- The decision comes after an independent adviser hired to review the transaction declared that Carbacid’s offer to buy BOC Kenya at Sh63.5 per share undervalues the industrial and medical gases manufacturer by 30.8 per cent.
- Dyer and Blair Investment Bank wrote to the board of BOC, stating that the company has a fair value of Sh91.76 or an aggregate of Sh1.7 billion.
- This is Sh552 million more than Carbacid’s total bid price of Sh1.2 billion.
BOC Kenya has opted not to recommend the company’s takeover by Carbacid Investments to its shareholders, marking a rare instance where the board of a Nairobi Securities Exchange-listed firm has opted to sit on the fence while it is being acquired.
The decision comes after an independent adviser hired to review the transaction declared that Carbacid’s offer to buy BOC Kenya at Sh63.5 per share undervalues the industrial and medical gases manufacturer by 30.8 per cent.
Dyer and Blair Investment Bank wrote to the board of BOC, stating that the company has a fair value of Sh91.76 or an aggregate of Sh1.7 billion.
This is Sh552 million more than Carbacid’s total bid price of Sh1.2 billion.
BOC has responded to Dyer and Blair’s opinion by telling its shareholders that it will not tell them whether or not to sell their shares to Carbacid.
“Having carefully considered the opinion of the independent adviser … the board unanimously agrees that the price of Sh63.5 does not reflect a fair value of the company,” BOC says in a circular to shareholders.
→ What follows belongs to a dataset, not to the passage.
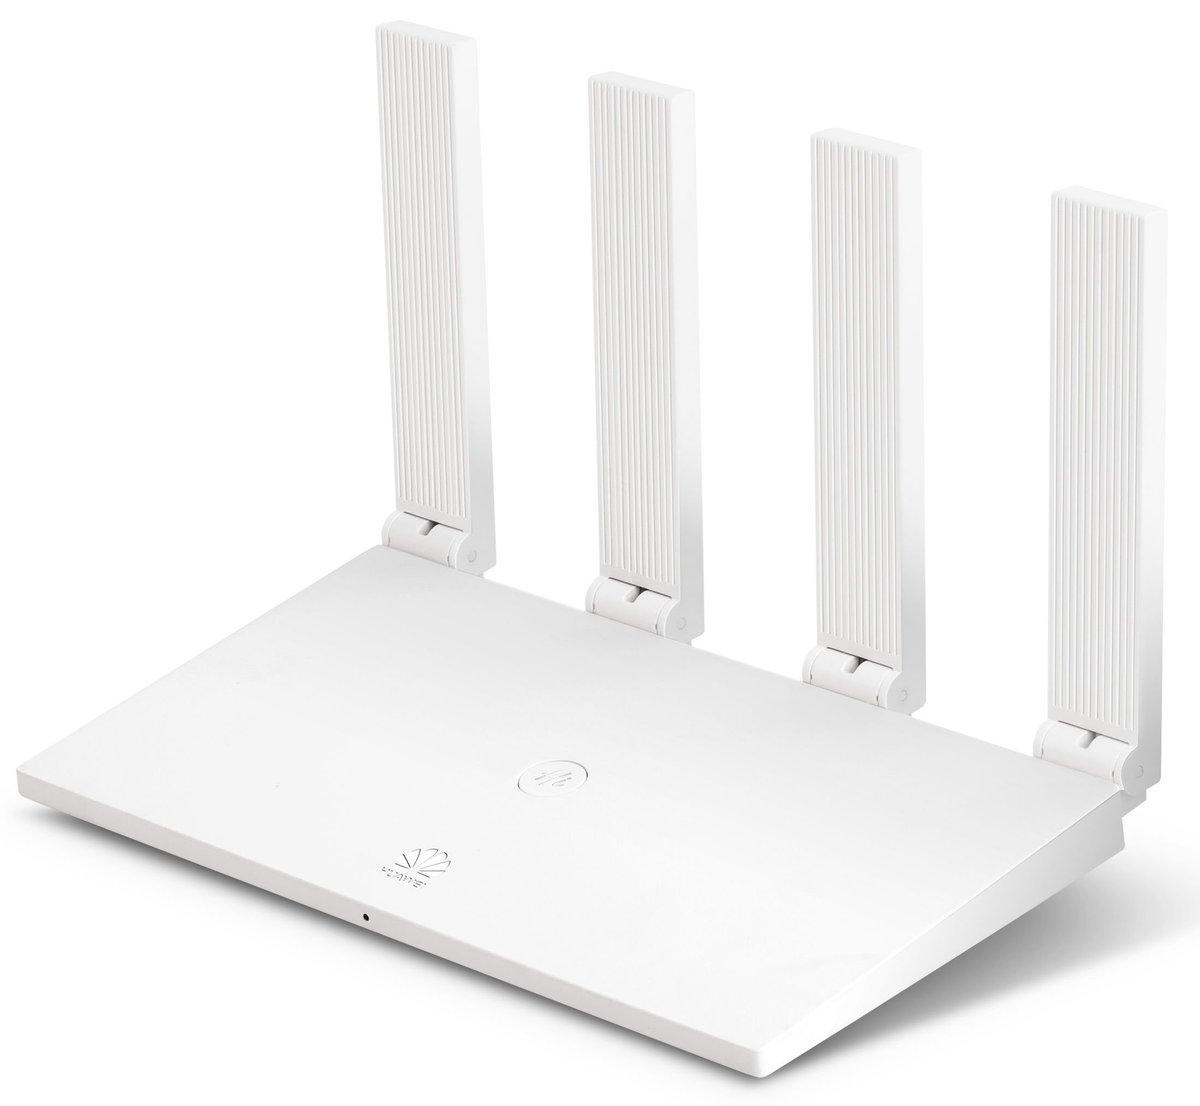 Huawei Wi-Fi  WS5200 AC1200 Gigabit Wirless Router
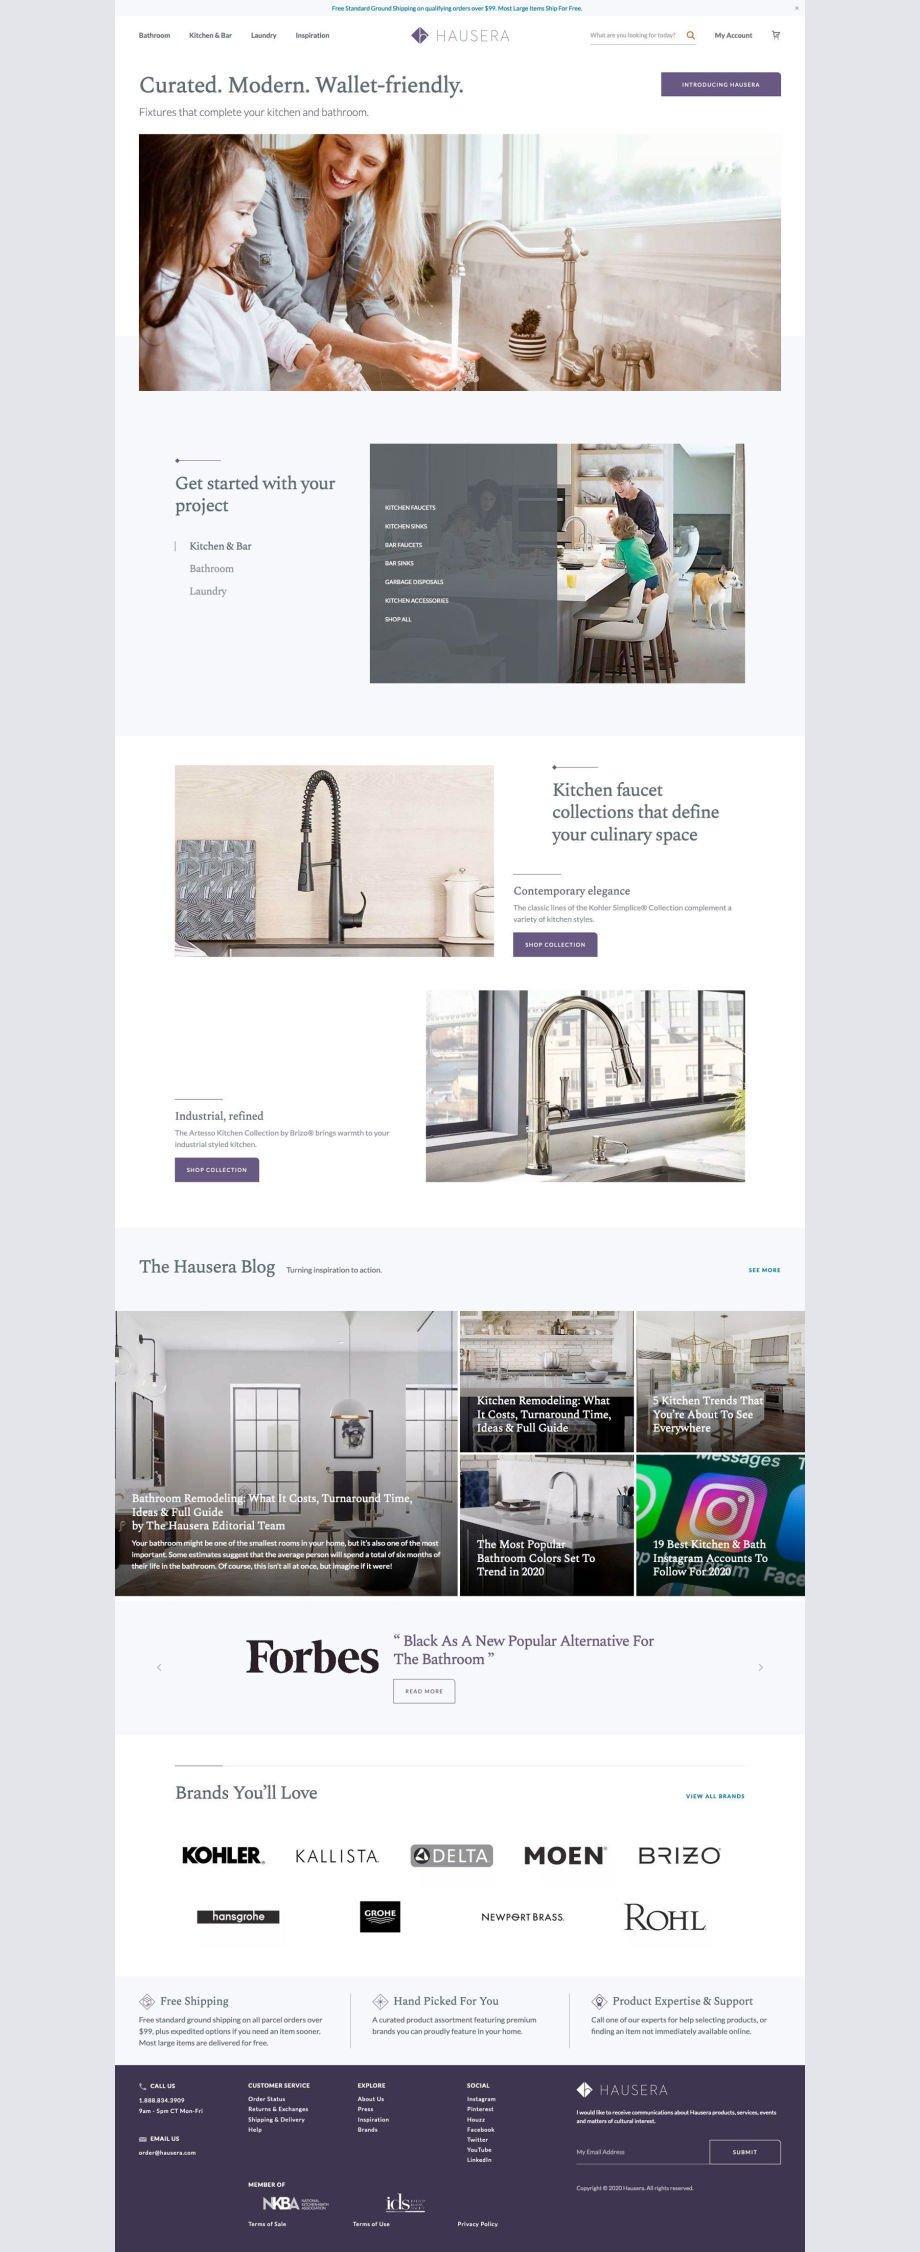 Hausera website.jpg

“Your board has therefore for the foregoing reasons resolved NOT to recommend the offer for acceptance by shareholders. Shareholders are therefore encouraged to obtain independent professional advice from their professional advisers regarding the merits of accepting or not accepting the offer.”
The investment bank’s assessment looks set to complicate the transaction in which BOC’s majority shareholder, BOC Holdings, has already committed to sell its 65.38 per cent stake to Carbacid at the Sh63.5 per share offer price.
Sources familiar with the matter told Business Daily that BOC’s decision not to recommend the buyout is aimed at avoiding potential lawsuits from disgruntled investors who have been emboldened by Dyer and Blair’s opinion. They include businessman Ngugi Kiuna, a former chairman of BOC and the second-largest investor in the company with 1.4 million shares equivalent to a 7.6 per cent stake.
Mr Kiuna says the takeover process is shrouded in secrecy, making it difficult to evaluate the fairness of Carbacid’s offer.
“I have tried to get a copy of the agreement between BOC Holdings and Carbacid to no avail. I have written to Capital Markets Authority, BOC Kenya and BOC Holdings requesting this document but nothing has been forthcoming,” Mr Ngugi said.
“How can CMA authorise this transaction without seeing the agreement and making the same available to shareholders?”
The deal between Carbacid and BOC has certain unspecified conditions, including “that the offer is made at Sh63.5 or higher.”
BOC warned potential dissenting shareholders that they could face compulsory buyout or retain stakes in a company whose shares do not trade on the NSE should Carbacid hit ownership thresholds allowing it to delist the medical gases manufacturer or squeeze out its minority investors.
Despite the controversy, Carbacid plans to continue with the buyout and intends to purchase as many BOC shares as will be made available at the Sh63.5 per share offer price.
“The offer is NOT conditional as to acceptances. This means that its success does not depend on the offerors achieving a given level of acceptances,” BOC says in the circular.
Dyer and Blair settled on the fair value per share of Sh91.76 as a middle ground after applying various valuation methods that gave a value range from Sh61.55 to Sh127.4.